Lors du Grand Prix inaugural, à Melbourne, Räikkönen se qualifie en onzième position ; le lendemain, bien qu'en délicatesse avec son système de freinage, il se classe septième du Grand Prix. En Malaisie, il se qualifie à la sixième place quand son coéquipier est quatrième sur la grille de départ. En tout début de course, victime d'une touchette avec Kevin Magnussen qui crève son pneu arrière droit, il est relégué en fond de classement ; il remonte peu à peu au fil des tours et termine l'épreuve à la douzième place, à un tour du vainqueur. Une semaine plus tard lors du Grand Prix de Bahreïn, il bat pour la première fois de la saison son équipier Fernando Alonso en qualification ; il termine dixième de la course juste derrière Alonso.

Pour le retour en Europe, lors du Grand Prix d'Espagne, Räikkönen s'élance de la troisième ligne, aux côtés de Romain Grosjean et termine septième de l'épreuve, à un tour du vainqueur Lewis Hamilton. À Monaco, grâce à un bon départ, il se retrouve rapidement troisième mais est victime d'une crevaison après un contact avec Max Chilton qui le dédoublait sous régime de la voiture de sécurité ; hors des points, il réalise toutefois le meilleur tour en course en fin d'épreuve.

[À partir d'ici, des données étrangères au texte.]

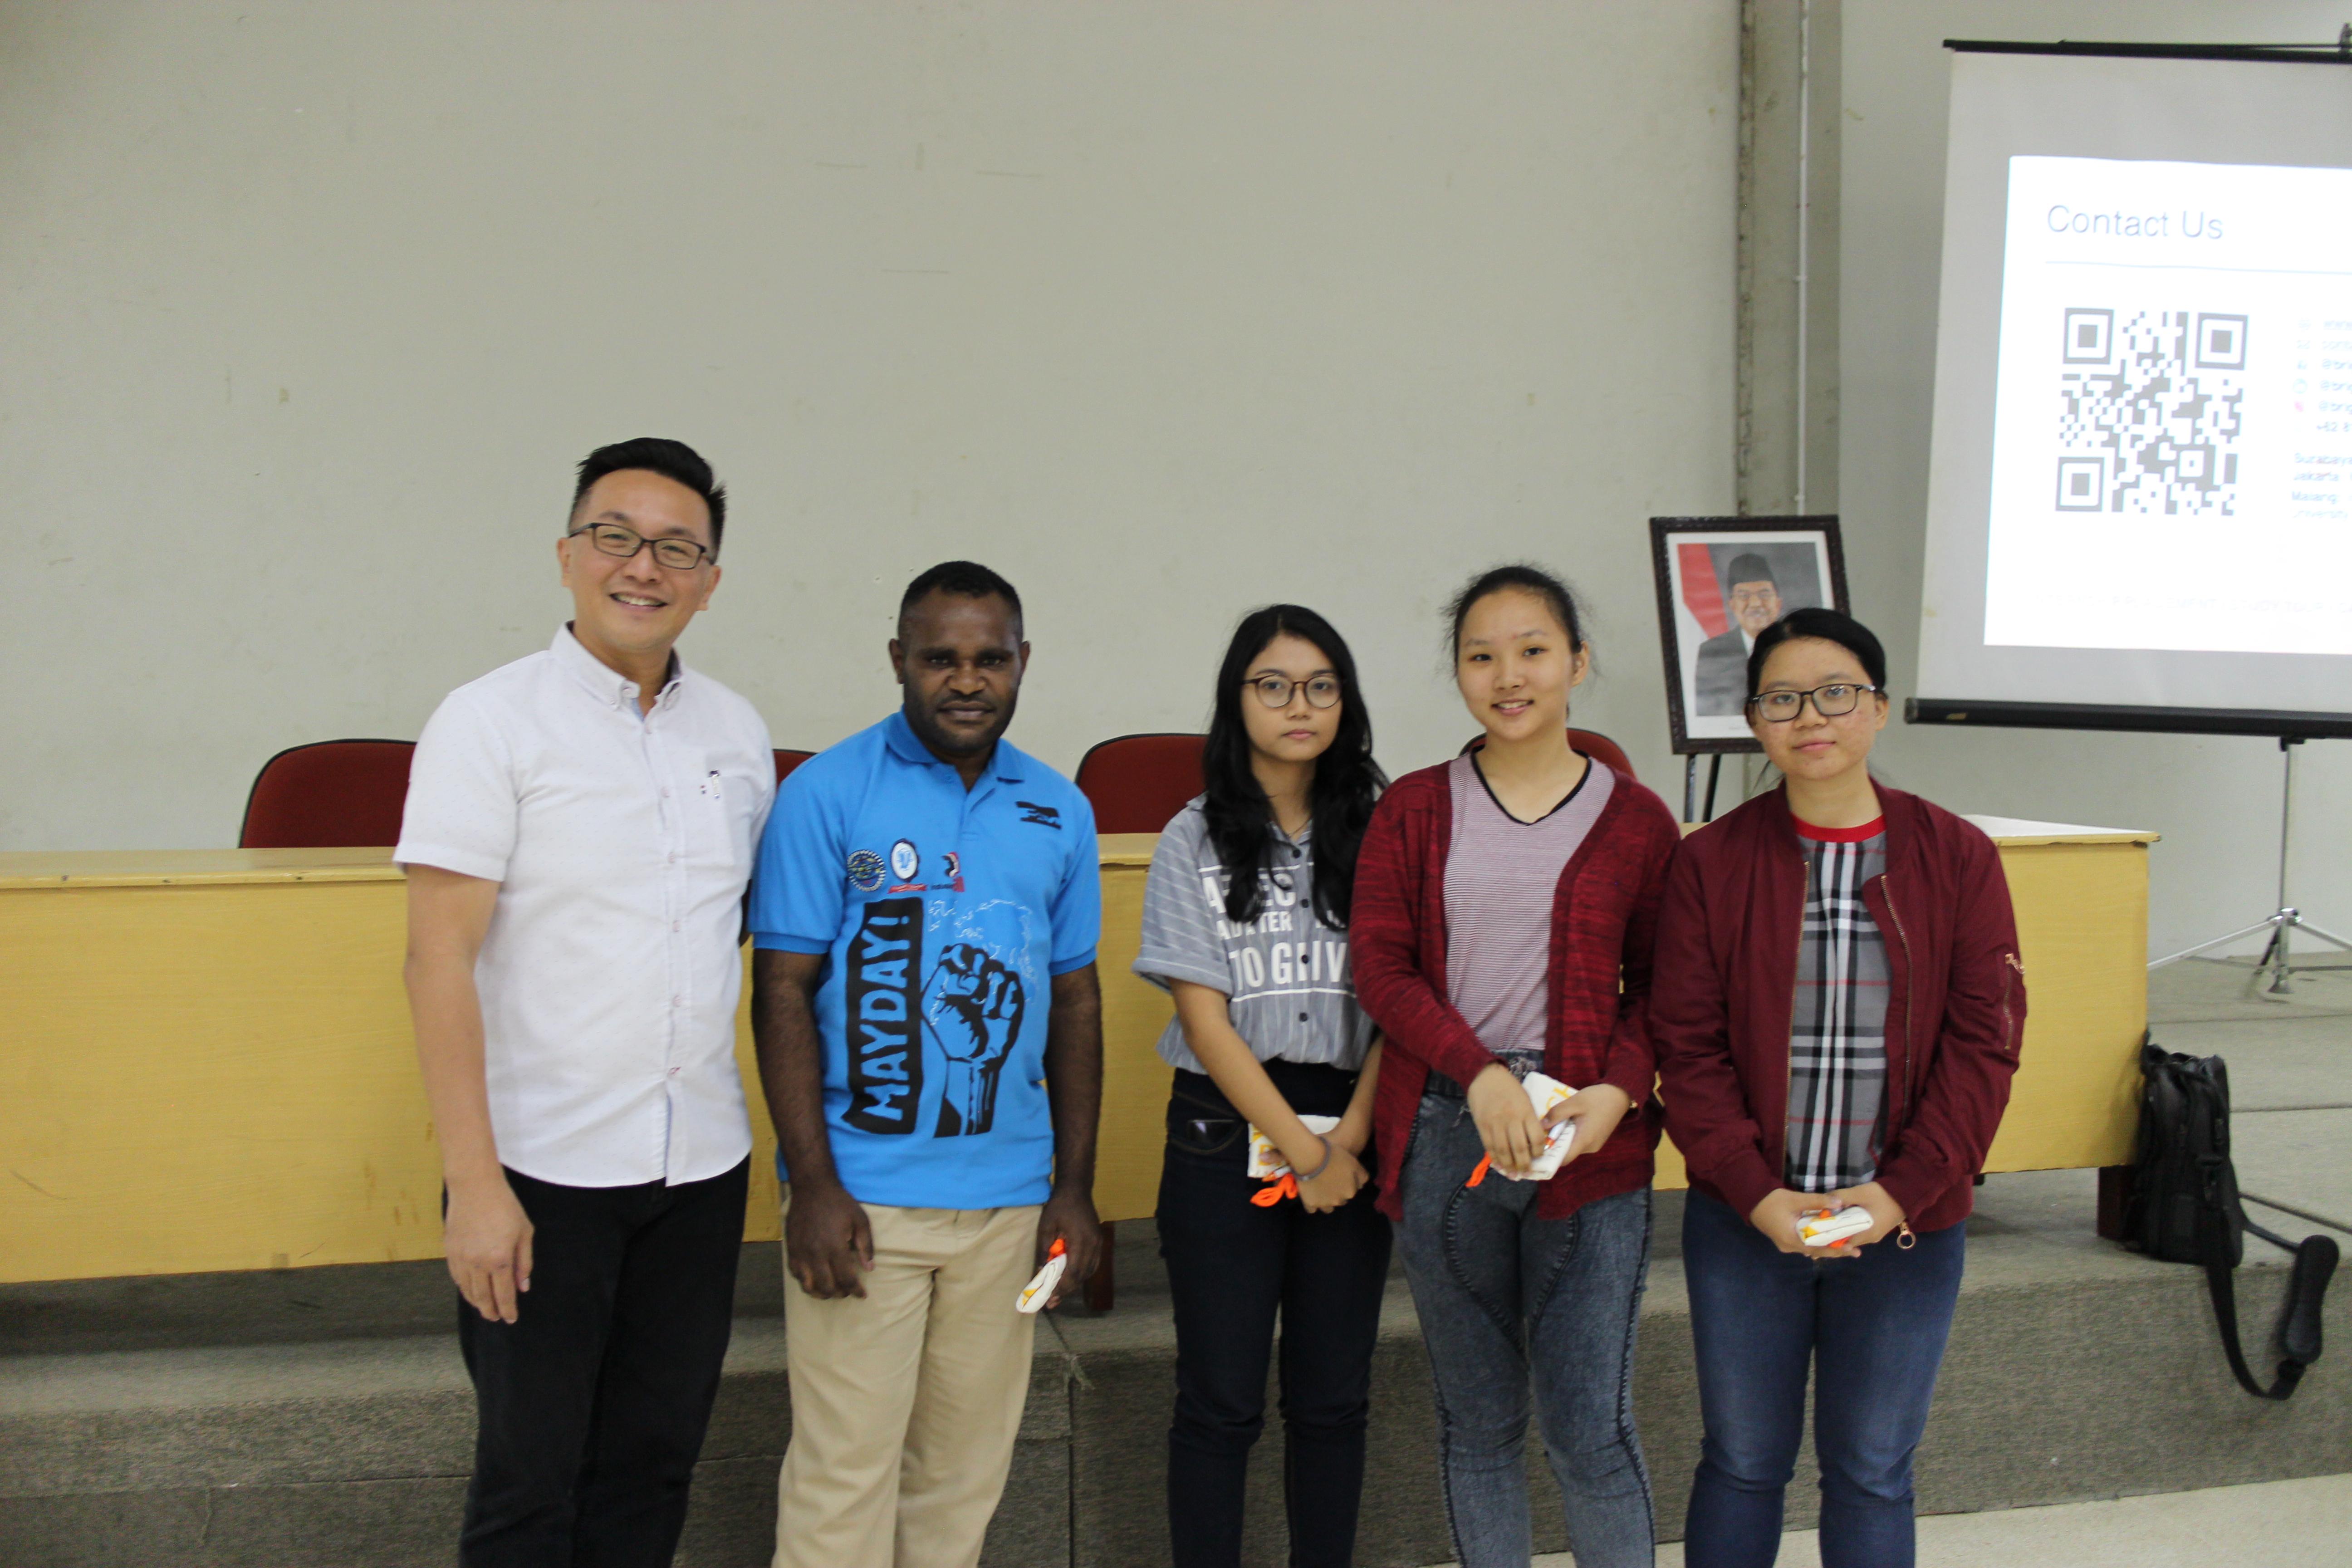 International Program Info Session at Universitas Katolik Widya Mandala Surabaya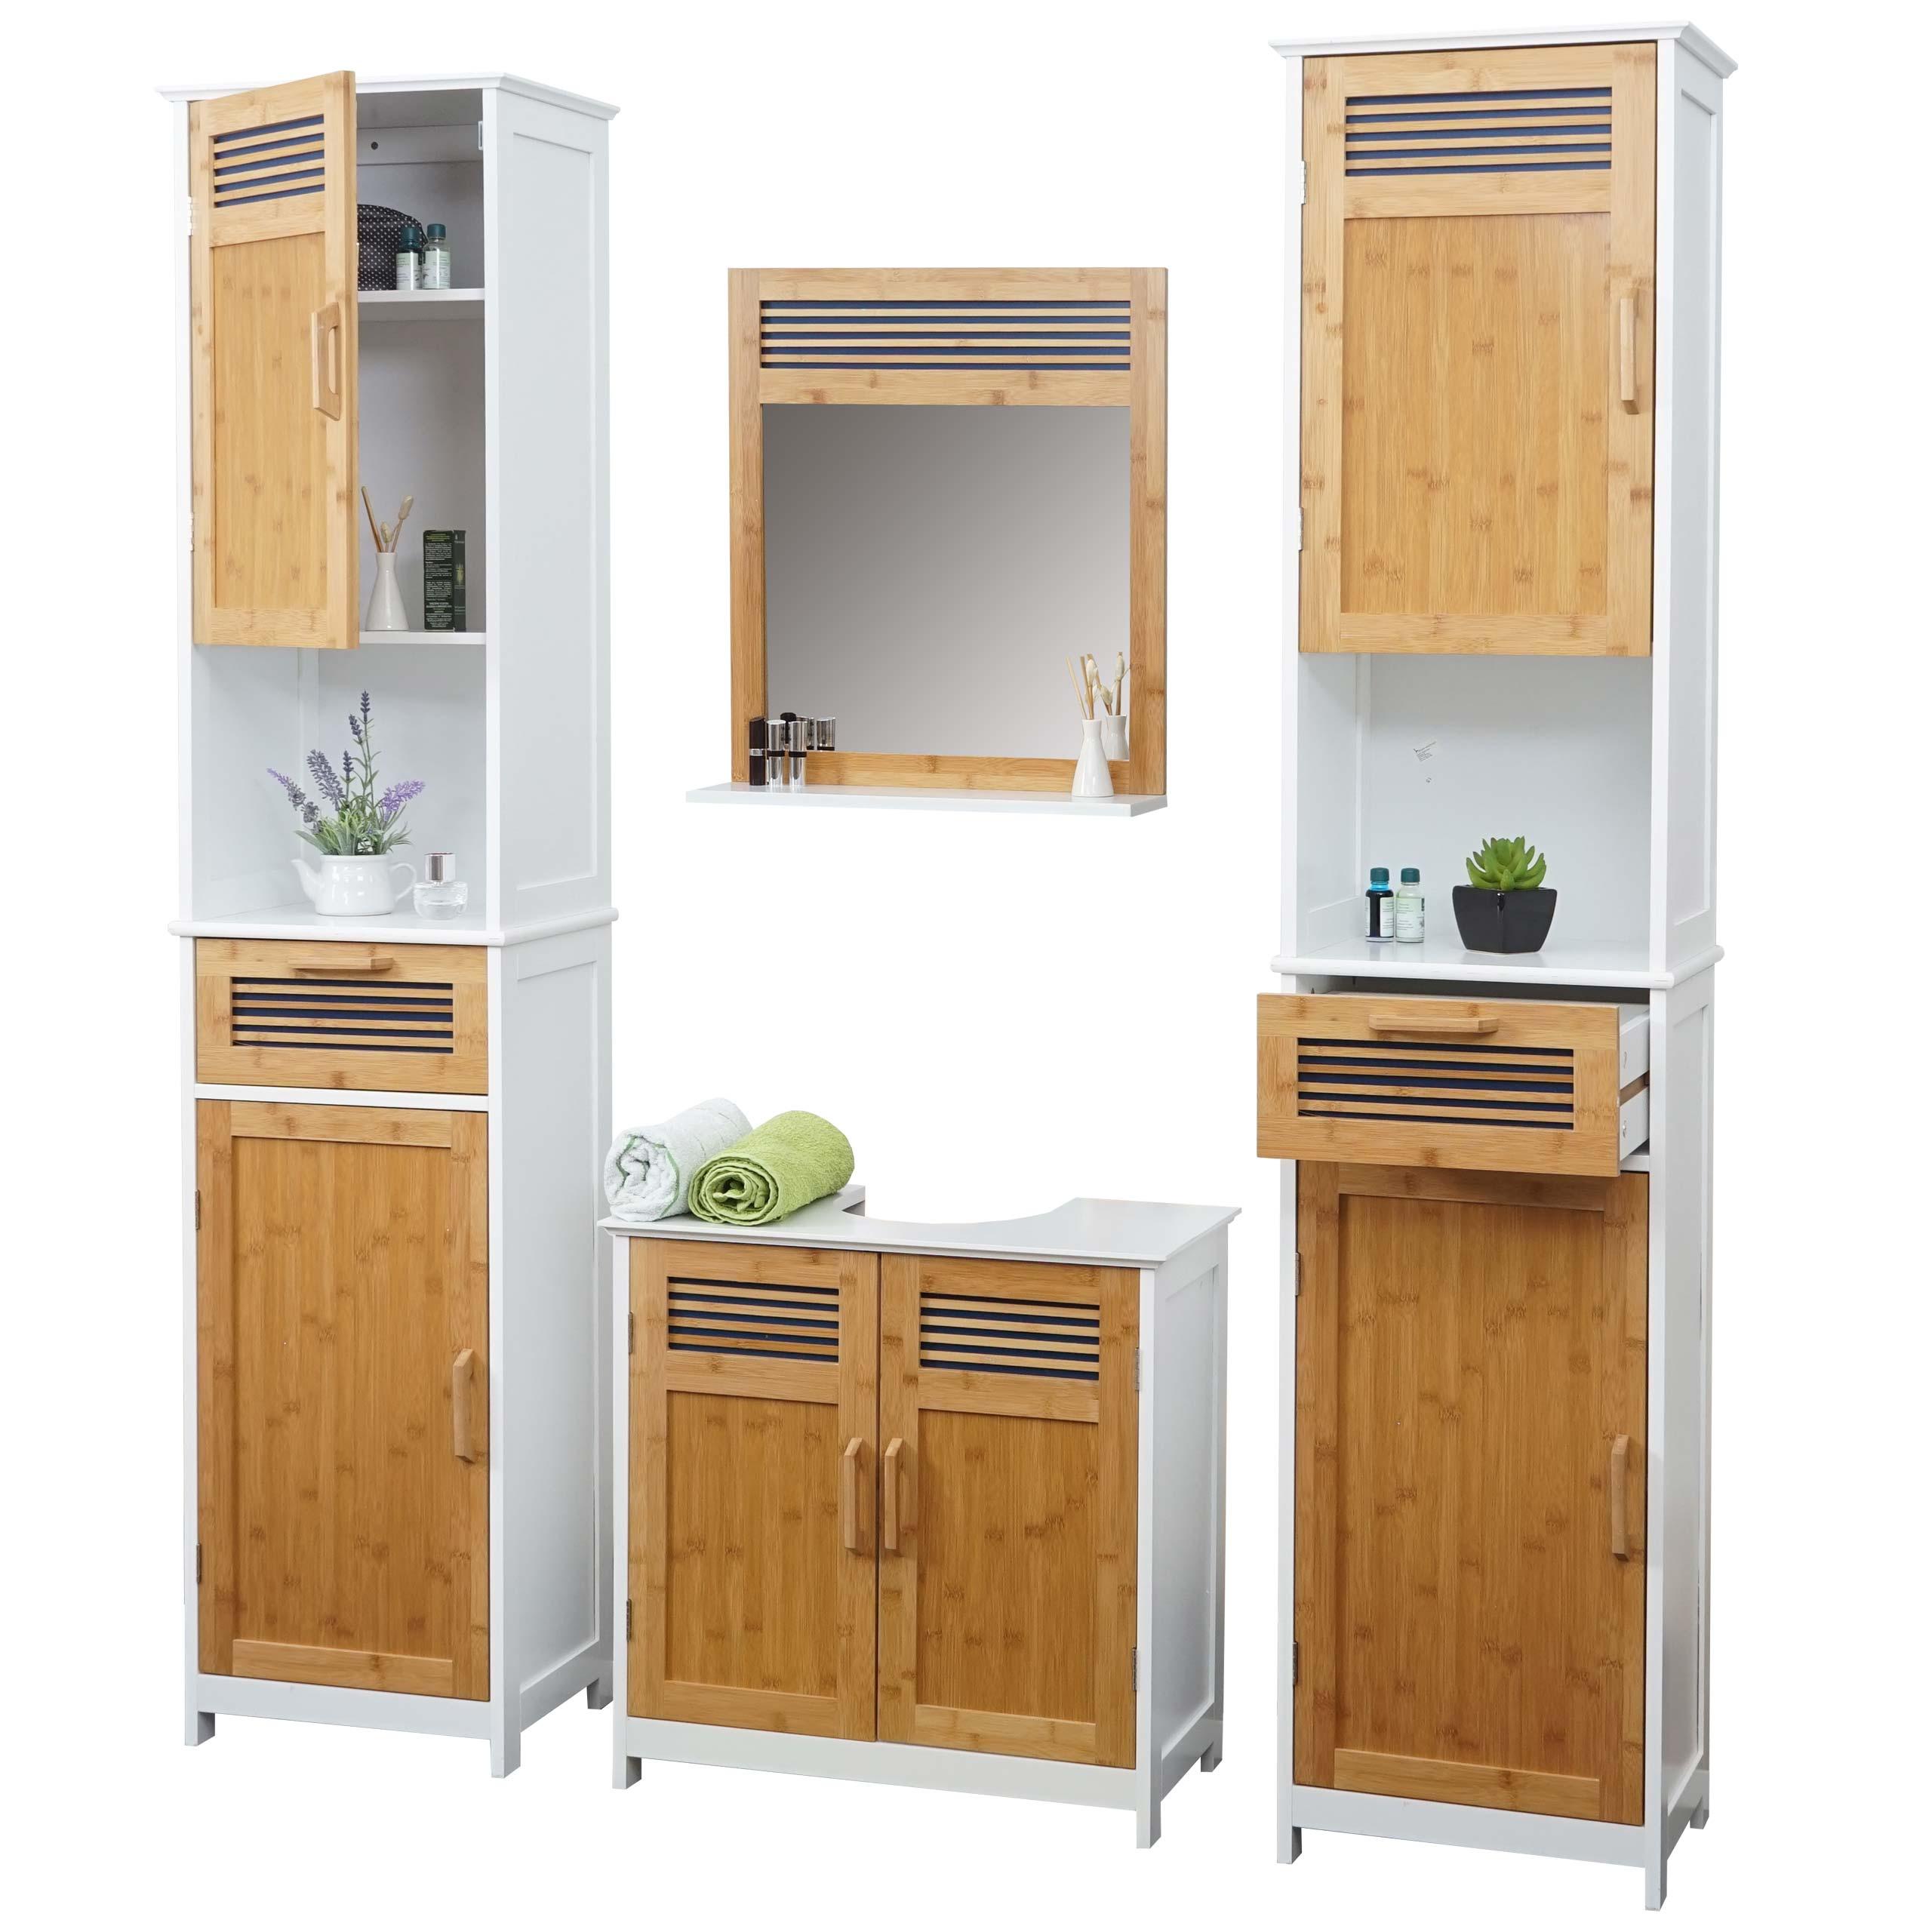 midischrank bad wei perfect brillant ideen badezimmer. Black Bedroom Furniture Sets. Home Design Ideas

Au Grand Prix de Grande-Bretagne, il enregistre son premier abandon de la saison après une violente sortie de piste dans le premier tour de course ; l'impact a été mesuré à 47 g. Après s'être difficilement extrait de sa monoplace, il est évacué vers le centre médical du circuit où les médecins ne l'autorisent pas à participer aux essais de Silverstone qui se tiennent deux jours plus tard à cause de ses contusions aux genoux et aux chevilles.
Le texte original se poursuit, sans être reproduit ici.